I have a keyspace that's using a replication factor of 3.

I have some inserts that are timing out, which is fine:
com.datastax.driver.core.exceptions.WriteTimeoutException: Cassandra timeout during write query at consistency LOCAL_ONE (1 replica were required but only 0 acknowledged the write)
at com.datastax.driver.core.exceptions.WriteTimeoutException.copy(WriteTimeoutException.java:100) ~[tools-timeseries-migrator.jar:?]
at com.datastax.driver.core.Responses$Error.asException(Responses.java:122) ~[tools-timeseries-migrator.jar:?]
at com.datastax.driver.core.RequestHandler$SpeculativeExecution.onSet(RequestHandler.java:471) [tools-timeseries-migrator.jar:?]
at com.datastax.driver.core.Connection$Dispatcher.channelRead0(Connection.java:1013) [tools-timeseries-migrator.jar:?]
...
Caused by: com.datastax.driver.core.exceptions.WriteTimeoutException: Cassandra timeout during write query at consistency LOCAL_ONE (1 replica were required but only 0 acknowledged the write)
at com.datastax.driver.core.Responses$Error$1.decode(Responses.java:59) ~[tools-timeseries-migrator.jar:?]
at com.datastax.driver.core.Responses$Error$1.decode(Responses.java:37) ~[tools-timeseries-migrator.jar:?]
...

What's strange to me is that they're timing out at consistency level LOCAL_ONE when the queries themselves have been configured to use LOCAL_QUORUM.

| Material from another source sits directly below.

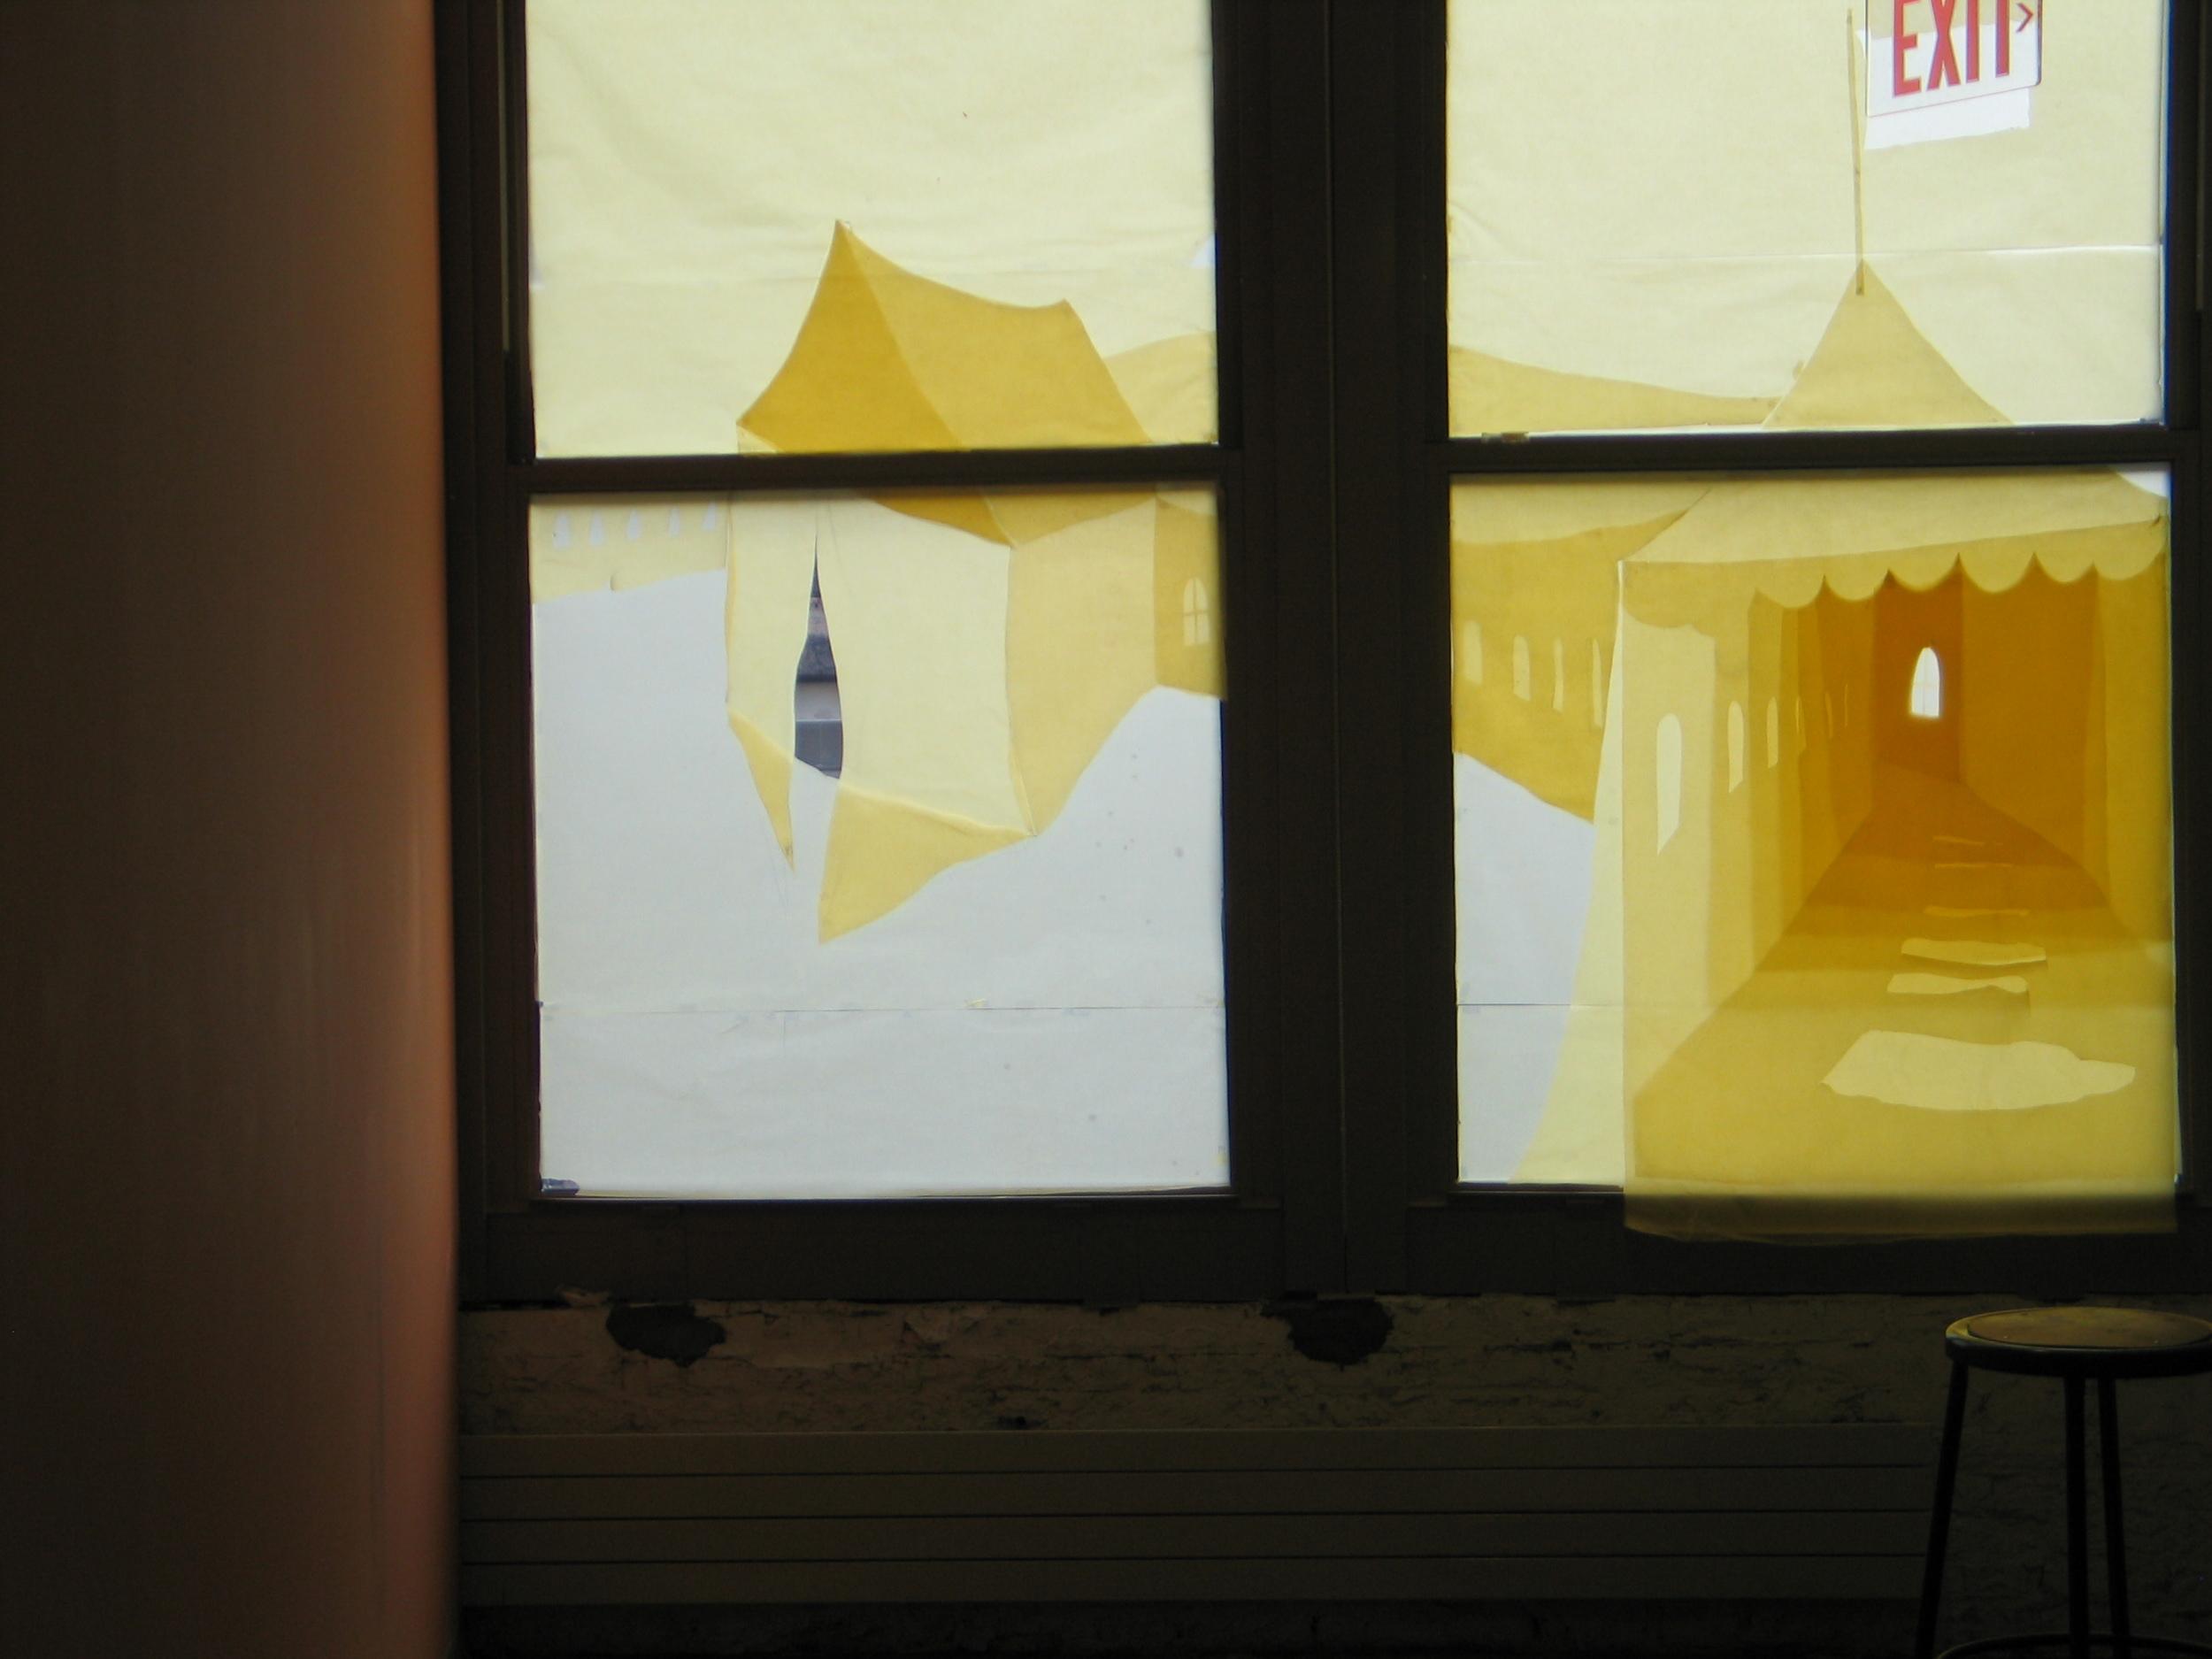 yellowtent 026.jpg
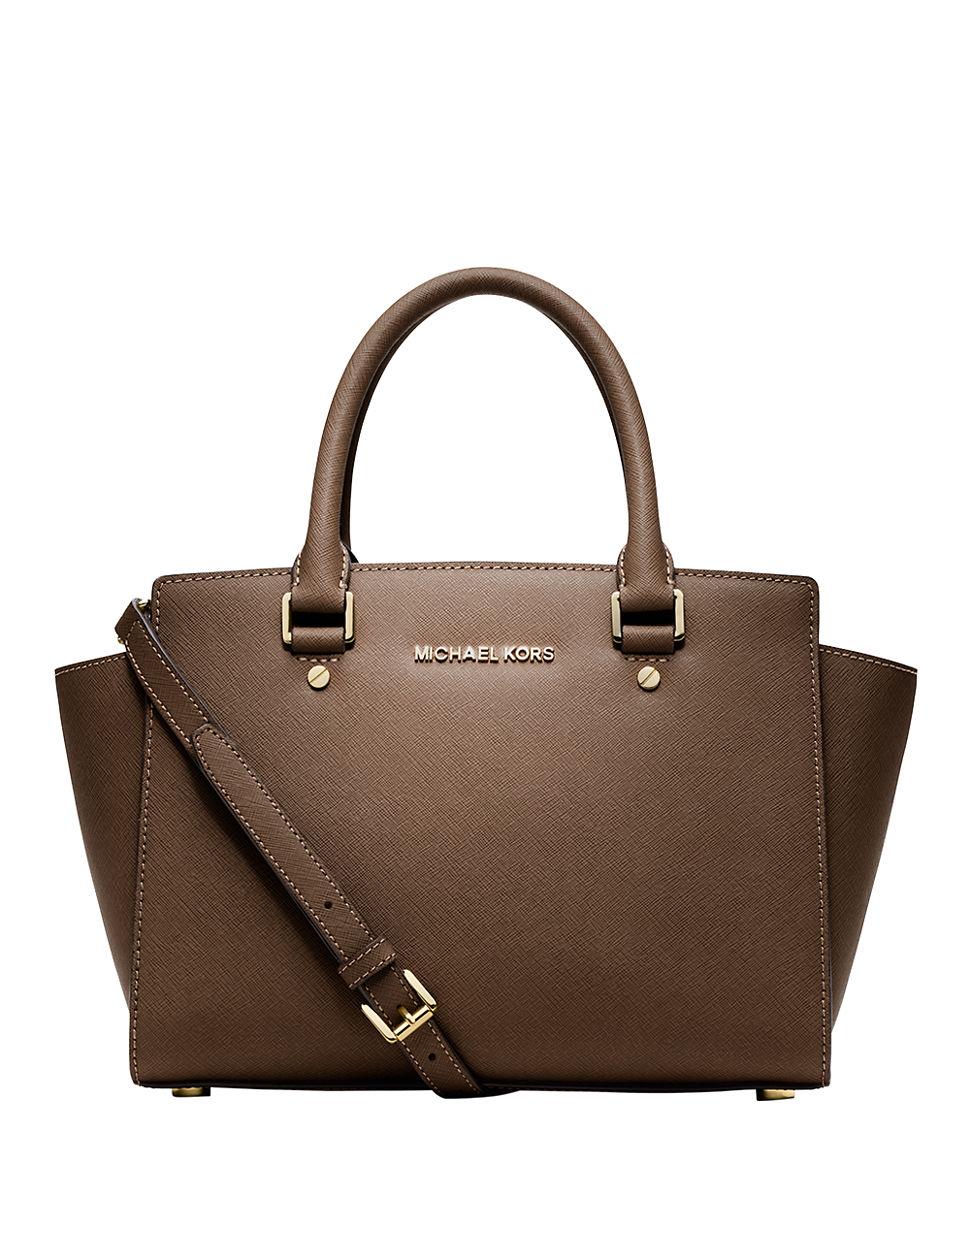 michael michael kors selma leather medium zip satchel in brown dark dune lyst. Black Bedroom Furniture Sets. Home Design Ideas

When I saw this occurring, it reminded me of the behavior with DowngradingConsistencyRetryPolicy, as described in this DataStax Developer Blog post: http://www.datastax.com/dev/blog/cassandra-error-handling-done-right. So LOCAL_QUORUM would downgrade to LOCAL_ONE. The thing is, I'm not using DowngradingConsistencyRetryPolicy. I'm not specifying a RetyPolicy when I build my Cluster object, which defaults to DefaultRetryPolicy, and, as you see from the API docs for DefaultRetryPolicy: "This retry policy is conservative in that it will never retry with a different consistency level than the one of the initial operation."

So I'm puzzled as to why LOCAL_ONE is showing up in the exception. Anyone have any idea?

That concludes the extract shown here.